Le général Griffith, traducteur de Sun Tzu en 1963

Le général Griffith, traducteur de Sun Tzu en 1963

N’en déplaise aux antiennes affirmant que, depuis sa traduction par le père Amiot en 1772 , Sun Tzu a été lu par les plus grands chefs militaires – à commencer par Napoléon – et qu’il a été enseigné dans les écoles militaires du monde entier, nous savons que la traduction de 1772 a, sitôt sortie, plongé dans un total oubli. En dépit de quelques soubresauts (la traduction britannique de Lionel Giles en 1910, la nouvelle version de Lucien Nachin opérée à partir de celle du père Amiot en 1948, …), le nom de Sun Tzu ne commença à être véritablement connu du grand public qu’à partir de 1963, date de  parution de la traduction anglaise de Samuel Griffith.

Samuel Blair Griffith II est né le 31 mai 1906 dans la ville de Lewiston (Pennsylvanie). Diplômé de l’U.S. Naval Academy en 1929, il en sort sous-lieutenant dans le corps des Marines et part en 1931 servir au Nicaragua dans le cadre des Banana Wars[1]. Suite au désengagement américain en 1933, Griffith est affecté en Chine, où des unités de Marines étaient postées pour assurer la protection des concessions internationales. De façon curieuse, il semble avoir été nommé traducteur-interprète à l’ambassade américaine de Nankin, alors qu’il ne connaissait pas encore la langue chinoise. Qu’à cela ne tienne : il se consacre aussitôt à son étude. Cette première affectation en Chine prend cependant fin en 1938.

Il sert ensuite à Cuba, en Angleterre et au Guadalcanal. Il est à cette occasion récompensé en 1942 de la Navy Cross et du Purple Heart pour son « héroïsme extrême et son courageux sens du devoir » lors d’un combat sur la rivière Matanikau au cours duquel il est blessé. Il sert ensuite en Nouvelle-Géorgie (la plus grande des îles Salomon, dans le Pacifique), où il est décoré de la Distinguished Service Cross.

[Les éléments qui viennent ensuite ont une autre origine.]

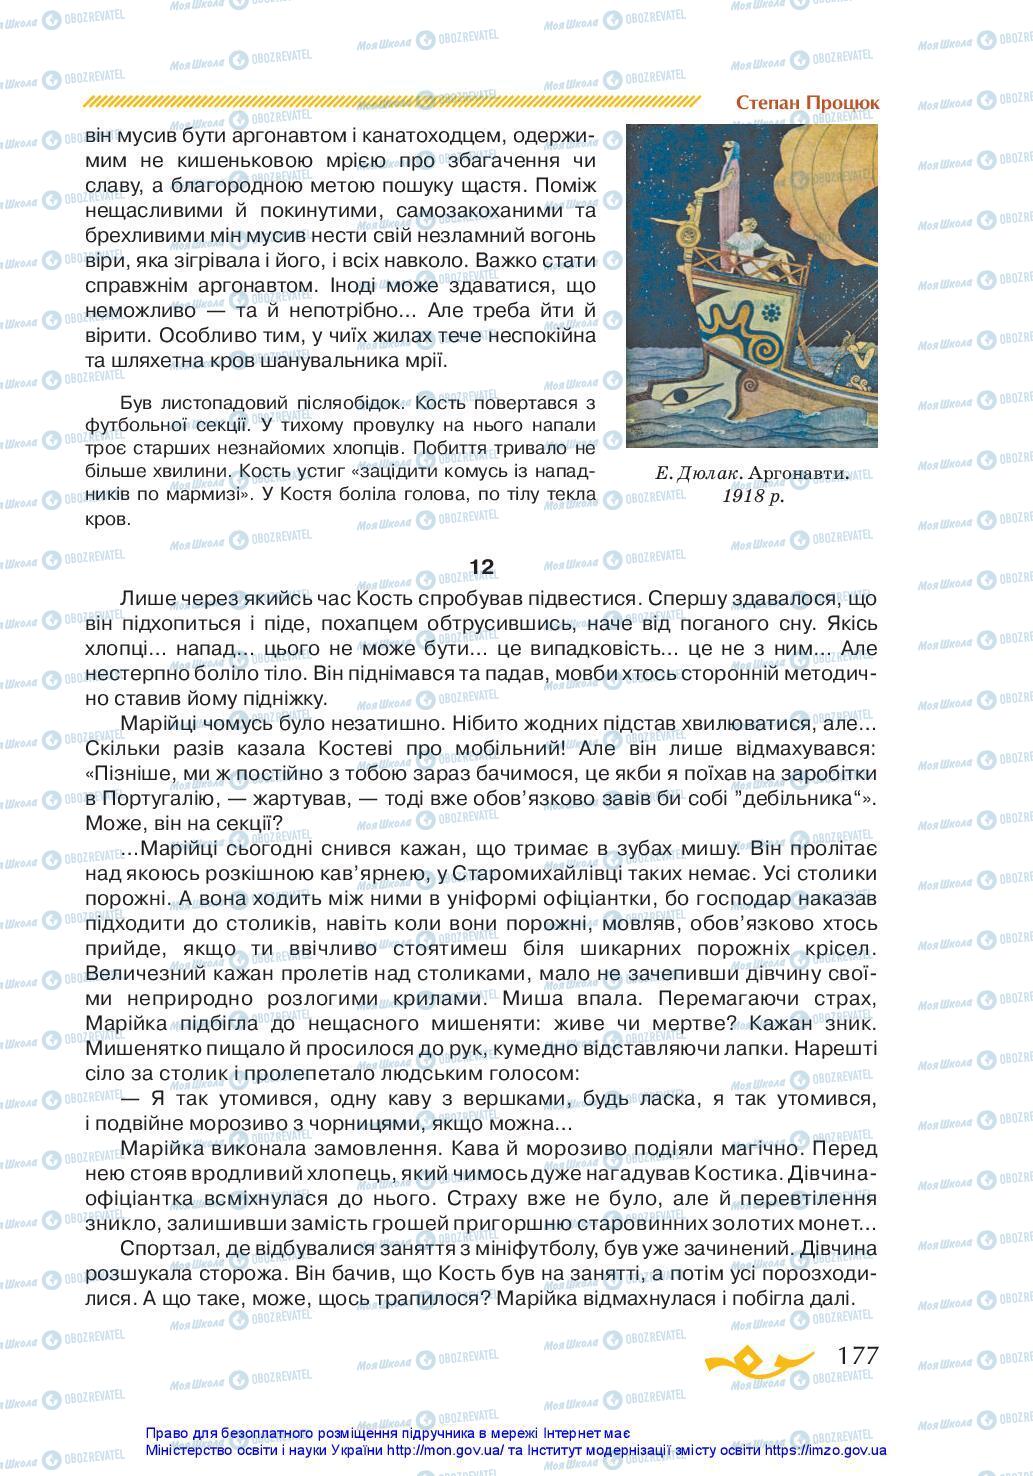 Учебники Укр лит 7 класс страница 177

A la fin de la guerre en 1945, il retourne en Chine commander le 3e régiment de Marine, puis toutes les unités de Marines de Qingdao (dans la province de Shandong, là où naquit Sun Tzu !). Regagnant les Etats-Unis en 1947, il y poursuit sa carrière dans les états-majors. Après avoir été chef d’Etat-major de la Fleet Marine Force de l’Atlantique, il prend sa retraite de général de brigade en 1956 à l’issue de 25 années de service.